Жарких споров на Политбюро по этому вопросу не было. Молотов проболтался, что был свидетелем необычного поведения вождя. Единственный, кто возражал, это был секретарь ЦК Джугашвили. Ему хотелось оторвать кусок земли русской для Грузии, но Ленин сказал:
– Коба, когда станешь руководить страной после меня, хотя я сомневаюсь в том, что потянешь этот тяжелый груз, переведешь столицу России в Грузию. Тифлис переименуй, пусть город станет Москвой. А пока один из городов может носить твое имя. Ты доволен, извращенец?
– Моя доволна.
Члены Политбюро на любом заседании уже стали вести себя несколько иначе. Меньше спорили, молча, соглашались с любой бредовой идеей Ленина, чтоб не завести его, не обидеть, а то он мог устроить такое…
Они чаще шептались или кивали головами в знак согласия, особенно, когда речь заходила о расстрелах. Только у Кобы горели глаза, он не отрывал их от лица Ленина, стараясь, чтоб соратники не заметили. Однажды произошел небольшой казус: после утверждения сноса монастыря в Подмосковье, Ленин пустился в пляс, высоко подпрыгивая, а потом упал на пол и у него пошла пена изо рта. Уже было собирались вызвать врача, но вождь полежал минут семь, вскочил и произнес:
– Давайте продолжим.
Как тут было не активизироваться Кобе как секретарю ЦК партии? Он быстро определил своего главного соперника Бронштейна-Троцкого, самого активного головореза после Феликса Дзержинского и старался куда-нибудь его отправить. Как можно дальше и на более длительный период.

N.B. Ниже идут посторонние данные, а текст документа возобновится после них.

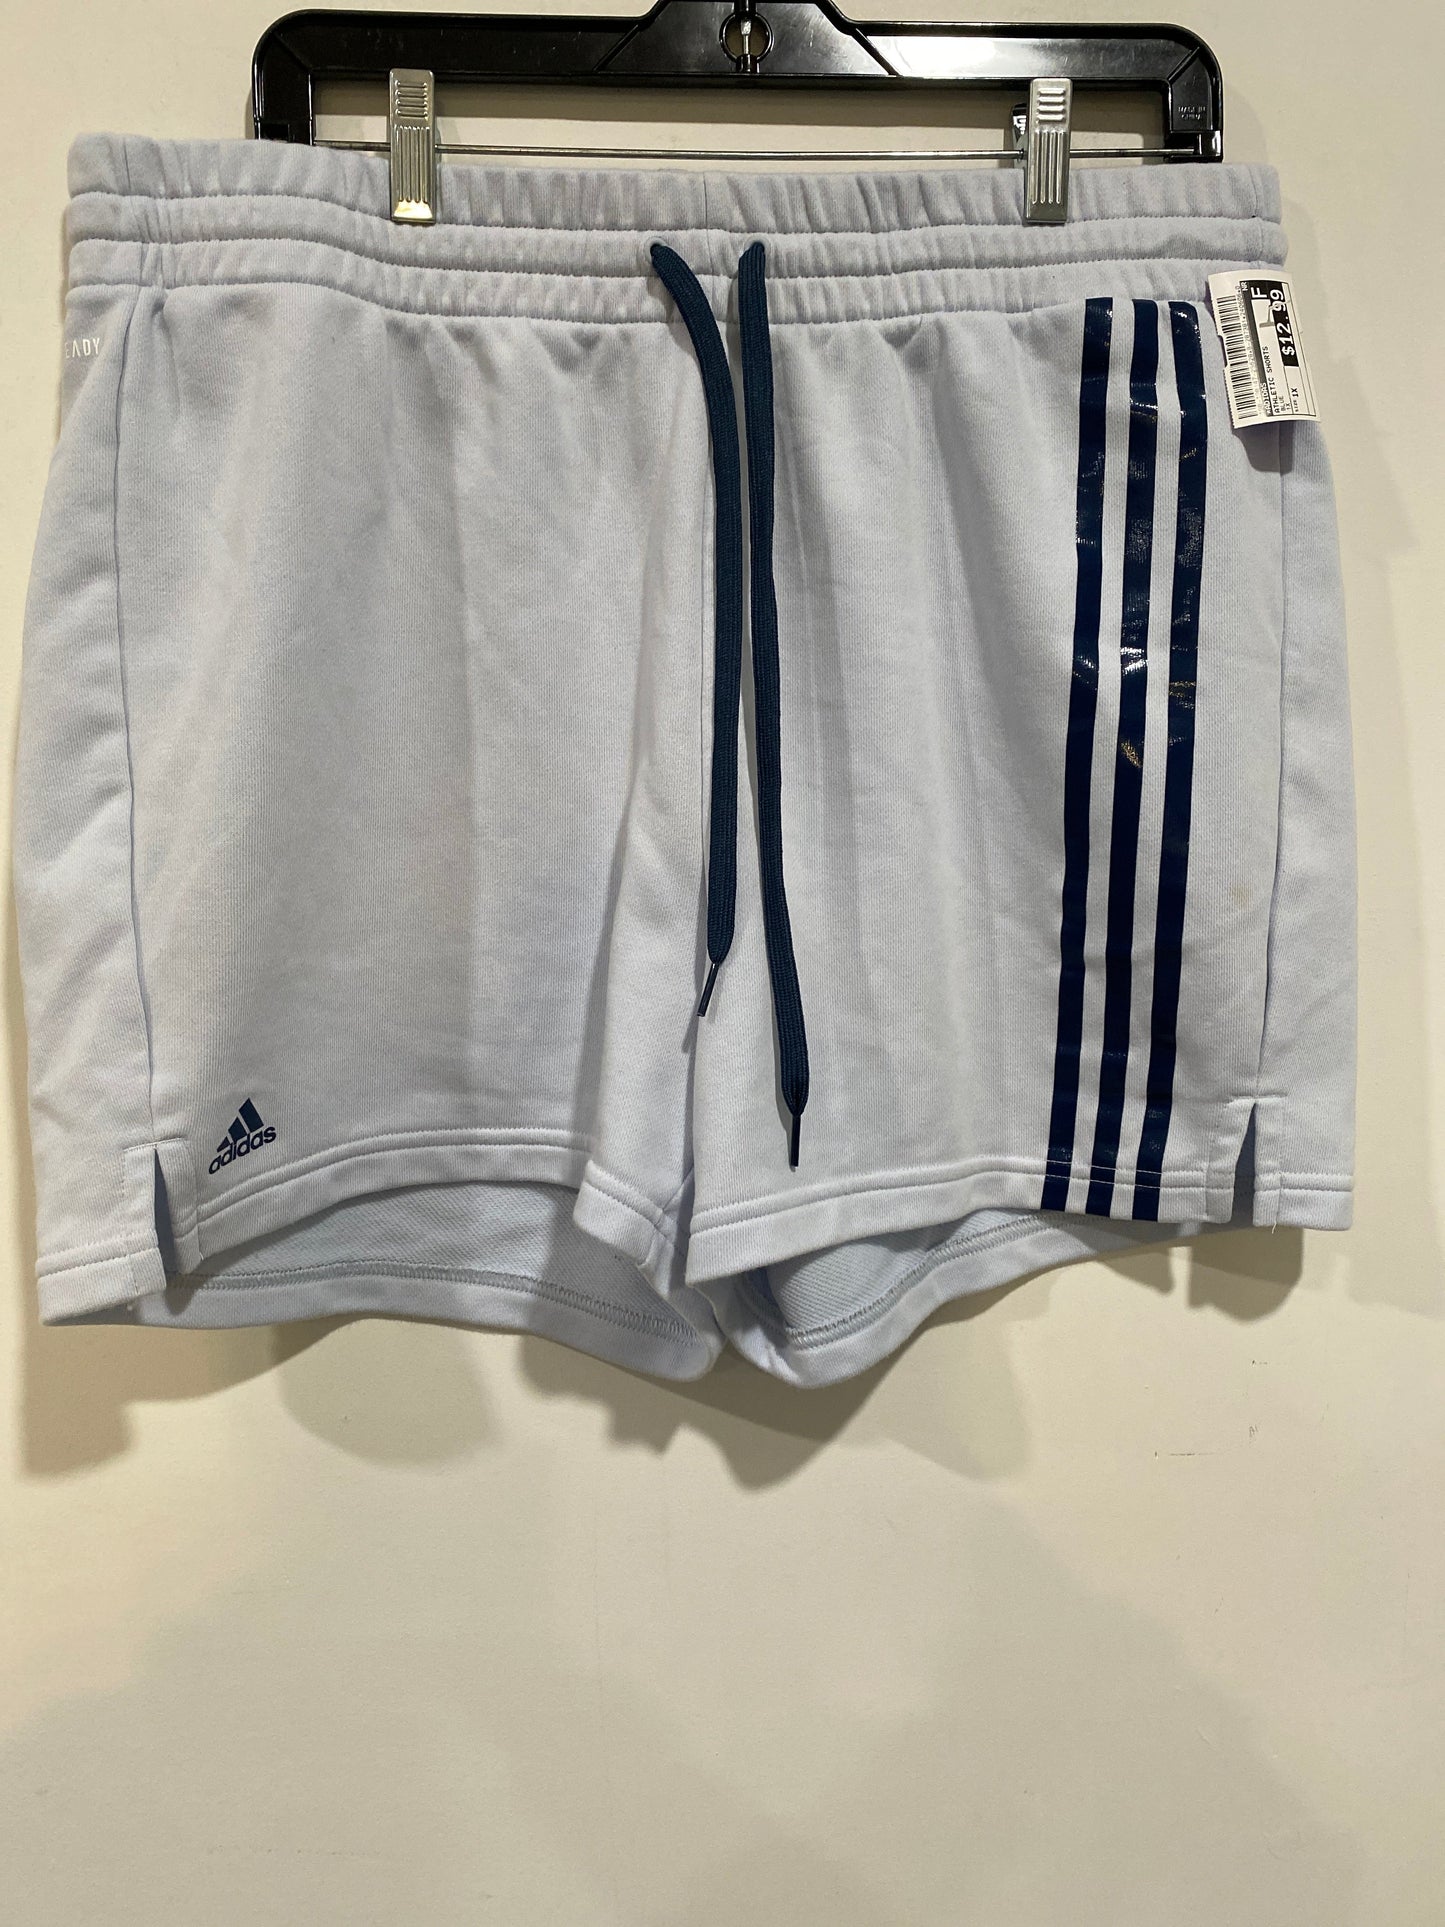 Blue Athletic Shorts Adidas, Size 1x

Так Окраина вдруг превратилась в Украину, самую большую республику, и все последующие вожди вплоть до Хрущева, подарившего Украине Крым, укрепляли ленинский почин. Лучшие земли России, лучшие города России отошли навсегда младшему брату до тех пор, пока младший брат не возгордился и не стал плевать старшему в лицо… в знак благодарности за королевские подарки.